De la même manière que pour les soldats revenant de guerre, une personne victime de violences genrées aura besoin d’être reconnue comme victime d’un crime et, si possible, que le crime soit jugé pour se reconstruire comme être ayant le droit de vivre en société comme une égale et en sécurité. Elle aura également besoin pour reconstruire son intégrité psychique que quelqu’un soit témoin de son vécu, l’entende, la regarde, la lise.
Ainsi, en posant les mots sur ses maux, selon la formule consacrée, elle marquera d’une trace indélébile le monde qui, désormais, ne pourra plus ignorer ce qu’elle a subi. De plus, en recomposant son vécu pour le mettre en récit, la personne victime devient autrice, se décale par rapport à son histoire et peut se repositionner à une place de personne à part entière, en prenant de la distance par rapport aux événements, au trauma.
Se raconter comme on le choisit, partager en un lieu sécure et retourner vers les autres avec dignité sont des étapes essentielles vers la guérison du trauma.

Y a-t-il selon vous un « effet réparateur » à l’utilisation de l’écriture et de la créativité ?

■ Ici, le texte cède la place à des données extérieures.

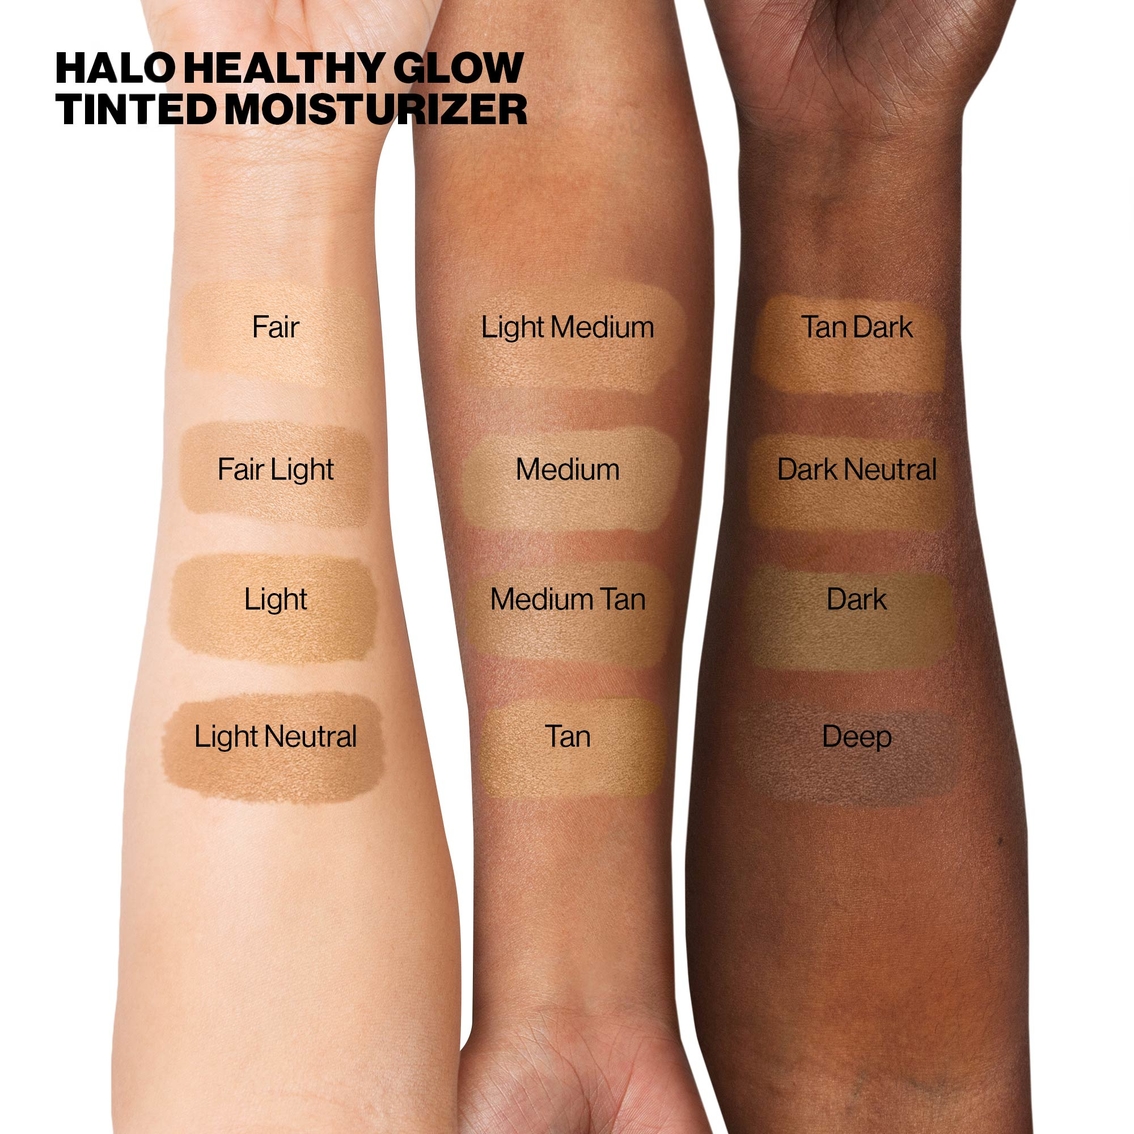 smashbox Halo Healthy Glow All-In-One Tinted Moisturizer SPF 25 - Image 7 of 10

Bien sûr, comme dit précédemment, relater son récit, pour qu’il puisse atteindre l’autre et vous remettre en position d’autrice de votre propre vie, a un potentiel thérapeutique évident ! Prendre soin de soi en prenant potentiellement soin des autres qui n’ont pas l’occasion de dire ou d’être entendues. Élever sa voix pour porter toutes les voix. La personne victime se répare en offrant à la société un outil possible de réparation pour les autres aussi.
Quels sont les bienfaits possibles générés par l’art en général, l’art thérapie, le mouvement pour des personnes qui ont été victimes de violence ?
Nous sommes un, esprit et corps. Les violences perpétrées sur le corps blessent notre esprit et la violence mentale subie peut avoir des effets délétères sur notre organisme. De la même façon, que notre intuition nous porte à la parole ou au mouvement, l’expression de soi, de ses émotions, de son désarroi, de sa colère peut avoir un effet guérisseur.
L’étape de la conscientisation et la compréhension mentale et corporelle de nos ressentis est indispensable, puis vient l’expression pour être reconnu(e) et se redéfinir en tant qu’être à part entière. La forme de l’expression peut être simplement d’arriver à se confier à la famille, aux amis, elle peut être de faire un spectacle de danse ou d’arriver à nouveau à exprimer son amour à un autre. Ou d’écrire un livre, ce qui est un aboutissement réunissant les bienfaits de l’expressivité à la valorisation des capacités de reconstruction.
En quoi la réalisation d’un projet d’écriture et sa concrétisation à travers la publication d’un livre vous semblent-elles positives ?
Pour ces capacités de reconstruction individuelle que je viens d’évoquer, de par le contenu qui est une mise en forme du vécu avec la distance de l’écriture, mais aussi de par la réalisation d’un objet, d’une œuvre palpable. Le livre est un objet reconnu et valorisé. Du vécu douloureux de la nouvelle autrice nait une œuvre qui a de la valeur. Sa reconstruction, à elle et à sa façon, a de la valeur.
La valeur de l’œuvre réalisée par la personne est partagée et devient valable pour les autres, non seulement pour la qualité de sa réalisation même, mais aussi par ce qu’elle peut apprendre aux autres, ce en quoi elle peut aider les autres. Ainsi par la sensibilisation, voire la militance, la personne passe du statut de victime au statut de paire aidante. Son vécu devient une « expertise » qui a toute sa place dans une société solidaire.
Aude Tournay Katz propose un accompagnement aux personnes (adultes, familles et couples) dans sa pratique privée à Uccle et Woluwe St Pierre. Dans sa boite à outils figurent la psychothérapie systémique et familiale (UCL), la danse thérapie, le massage Yoga-Thaï et la Philosophie (ULB).